Title: Visualising Rituals in Gandhara

Speaker: Ashwini Lakshminarayanan, Cardiff University

Timing: Thursday, June 05, 2025 @ 16.00

Location: Faculteitszaal, Blandijn faculteit Letteren en Wijsbegeerte (Blandijnberg 2, 9000 Gent)

In-person and ONLINE

All are welcome. Please register for the series through this Google Form: https://forms.gle/TwffQCPuVipUpMvk6

 

Abstract: 

It has long been recognised that the bases of Buddha and Bodhisattva schist statues from the ancient region of Gandhāra depict to some extent scenes that echo ritual practices that were normative for the region. While they have been the focus of sporadic assessments in the last decades, this paper is a systematic analysis of statue bases coming from ancient Gandhāra, a region located in the Northwest part of the Indic subcontinent, within the wider context of Gāndhārī donative inscriptions and Chinese travelogues.

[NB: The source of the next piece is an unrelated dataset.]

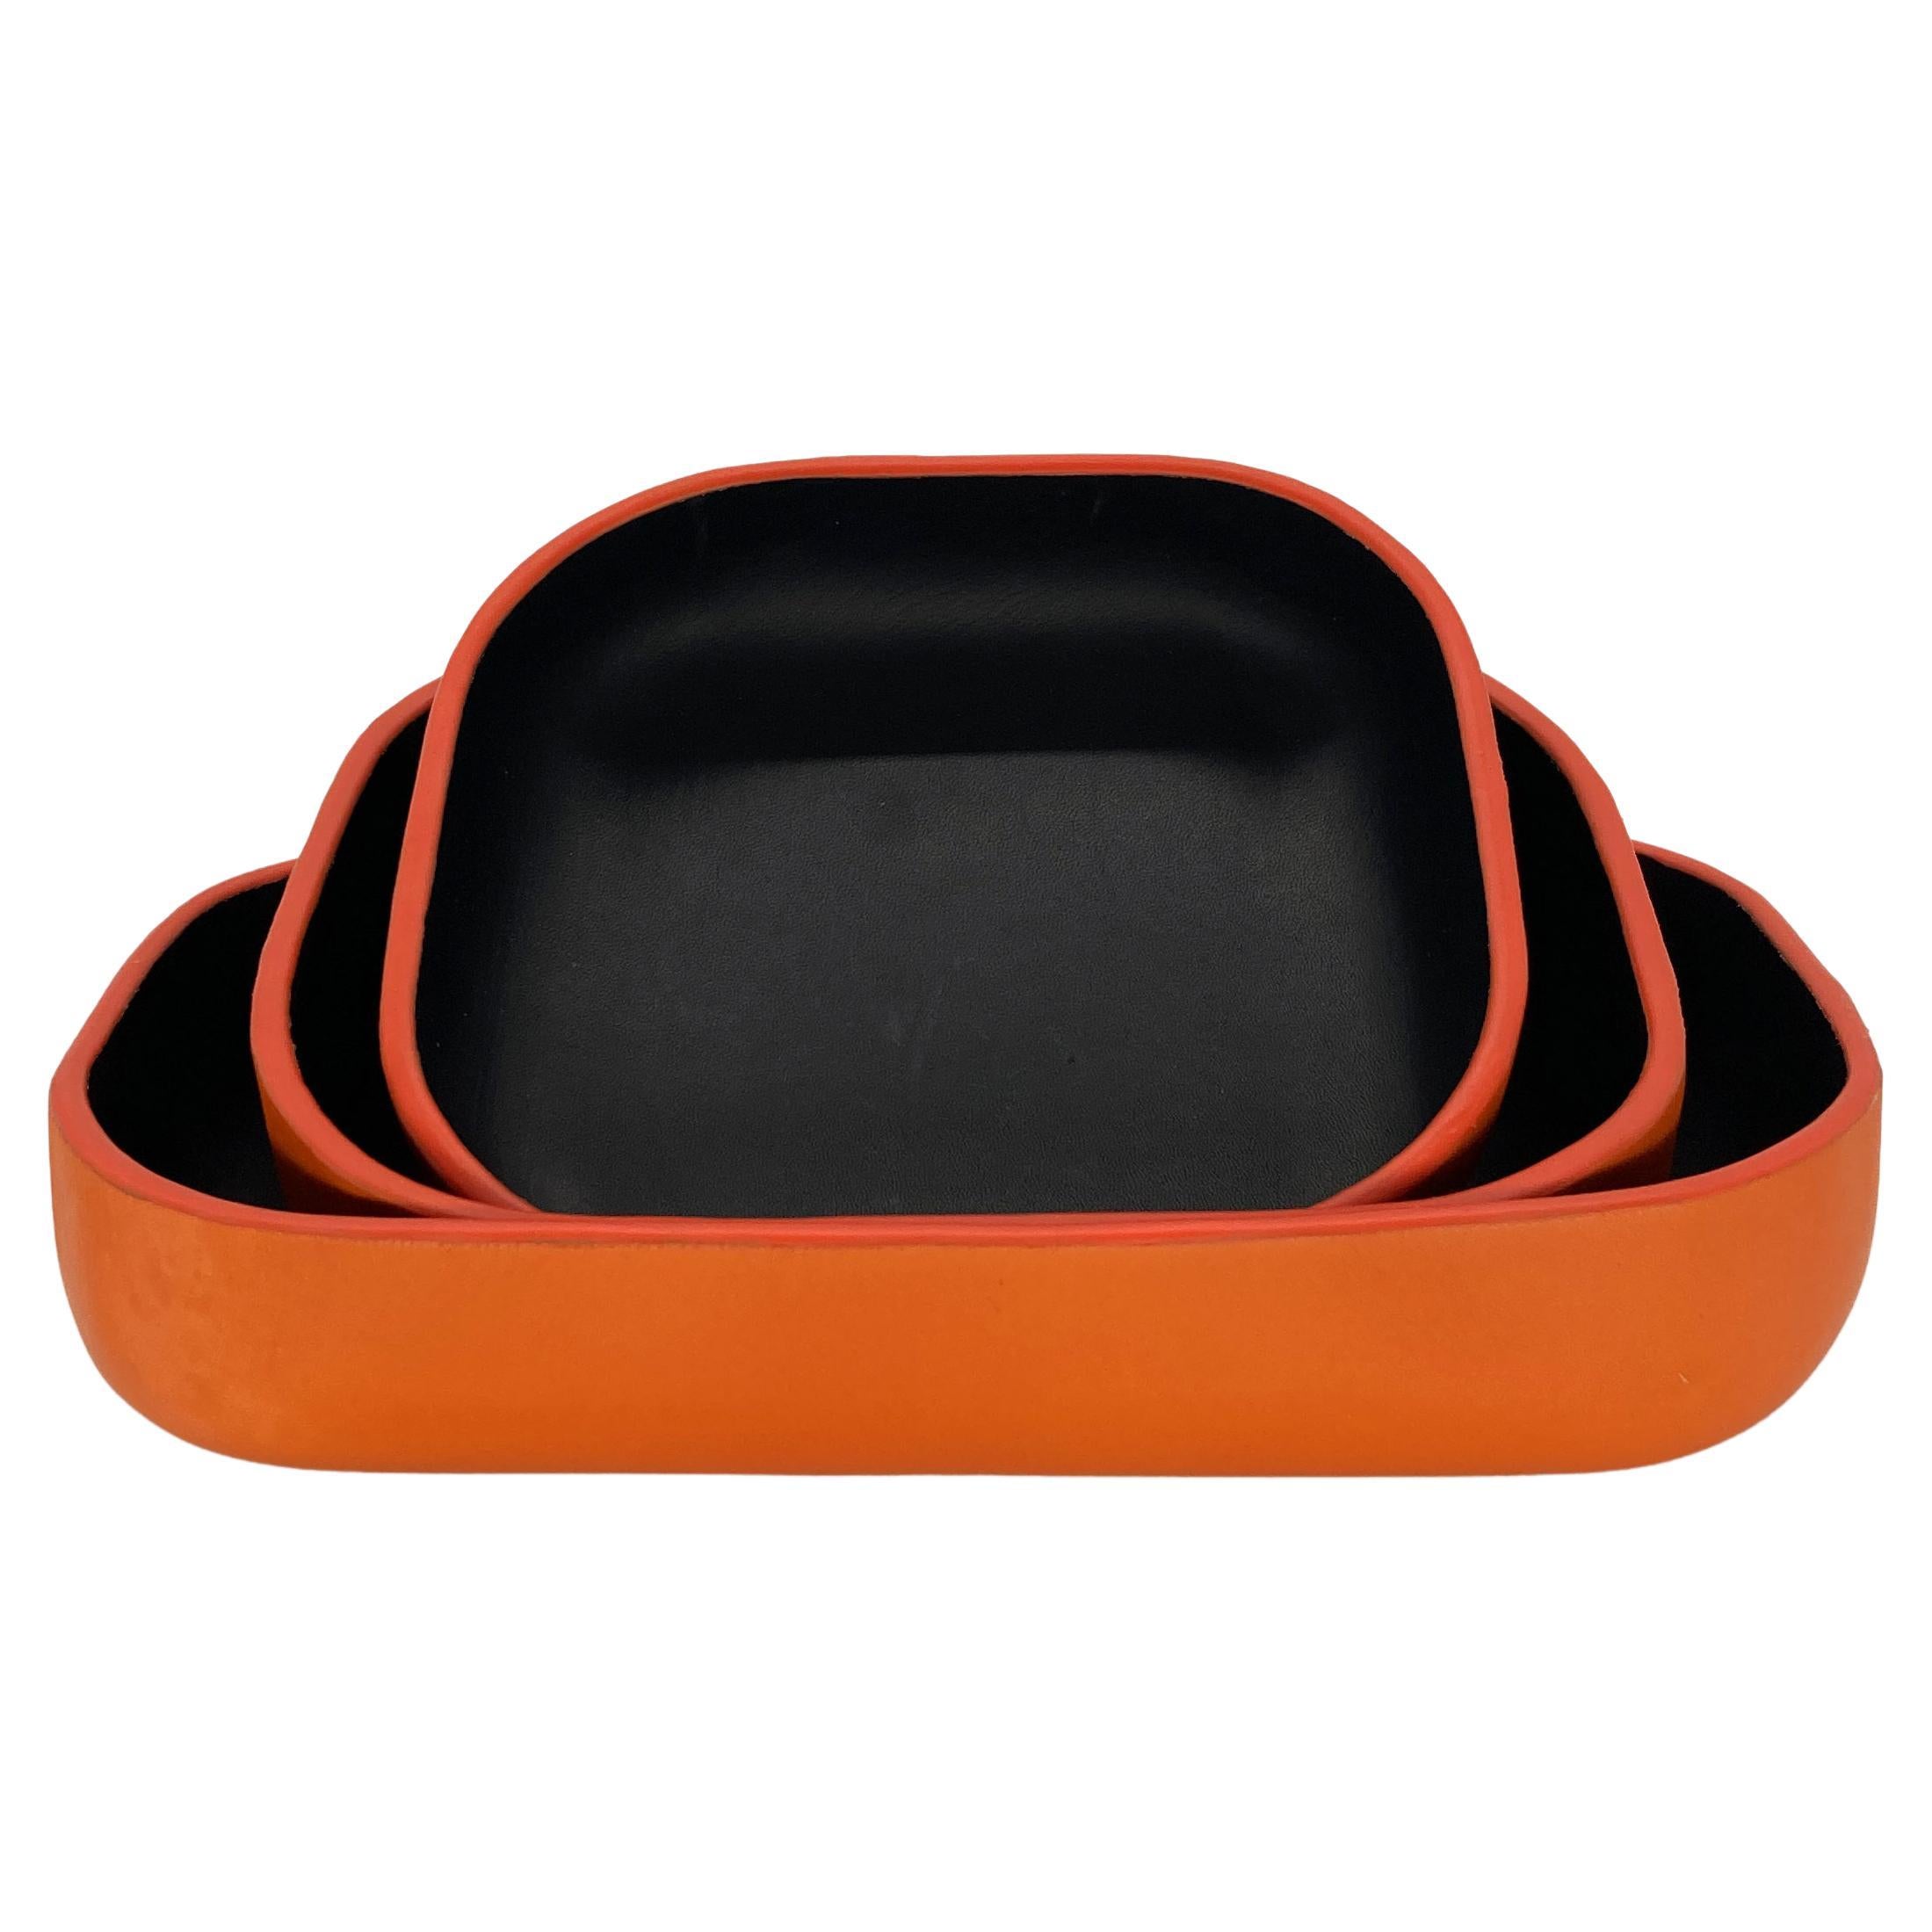 Handgefertigtes dreifaches Tablett-Set aus luxuriösem Leder in Sunrise Orange und Schwarz
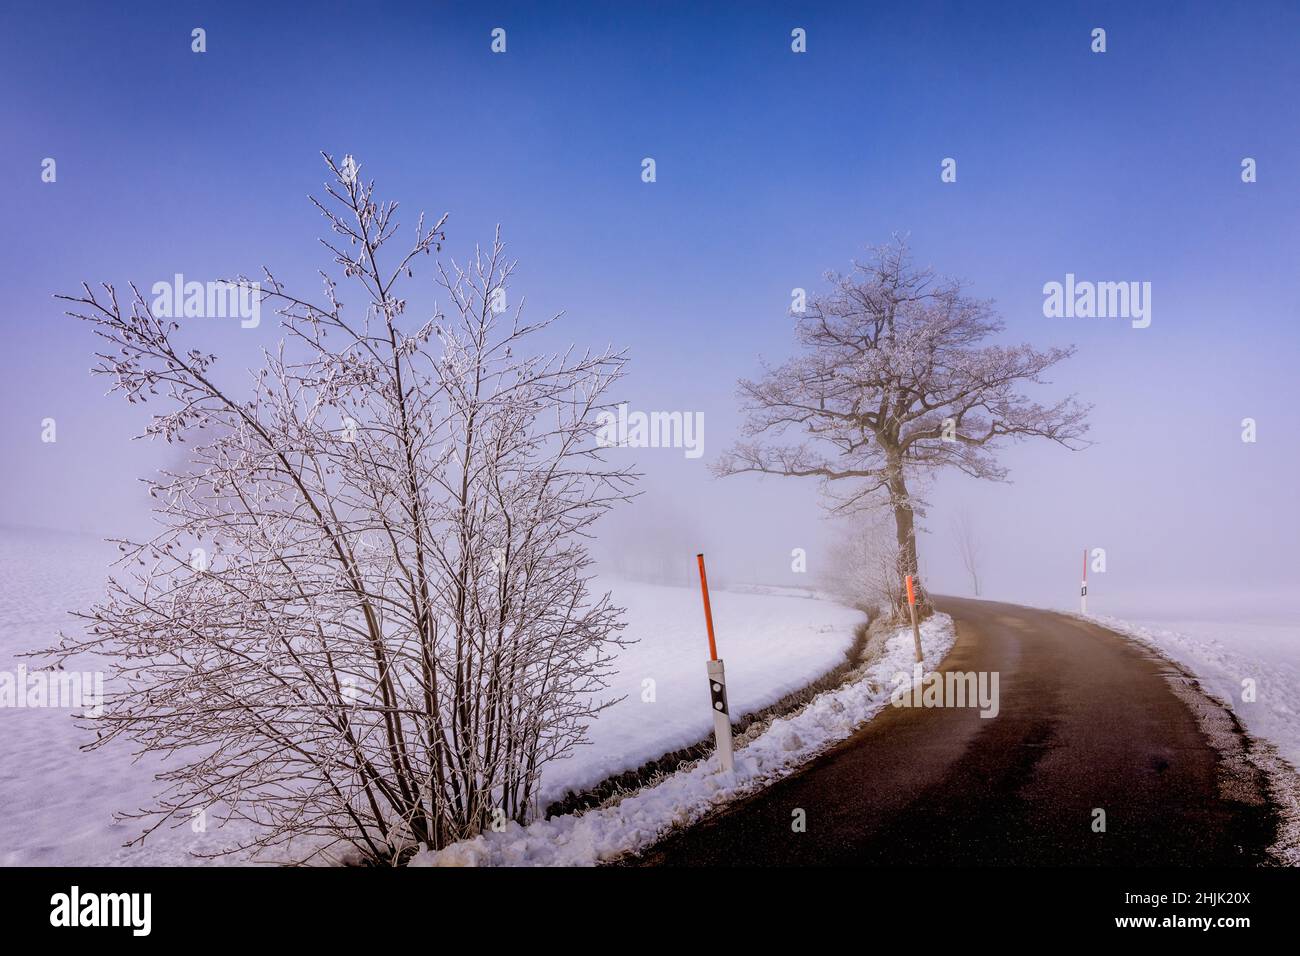 Route à travers le paysage hivernal enneigé avec des marqueurs routiers, Hirzel, Horgen, Zurich, Suisse Banque D'Images

Dating broadly from the second century CE onwards, the statues bases, this paper argues, were a new venue to visually reinforce the ritual efficacy. As part of the systematic analysis, this talk showcases a work in progress, shedding light on the conventions used on statue bases and the actions of figures represented within them.

Short bio: 

Dr Ashwini Lakshminarayanan is a Maria Skłodowska-Curie Research Fellow at Cardiff University leading the project ‘GRAVE: Gandharan Relic rituals and Veneration Explored’. This project analyses the visual material from Gandhāra (present day Pakistan and Afghanistan between the 1st and the 4th centuries CE) in its socio-religious context, focussing on contemporary Gandhari relic donative inscriptions and later Chinese accounts of relic veneration in the region. Besides rituals, Ashwini Lakshminarayanan’s work also focuses on gender, multi-cultural and multi-religious interactions within the Kushan kingdom.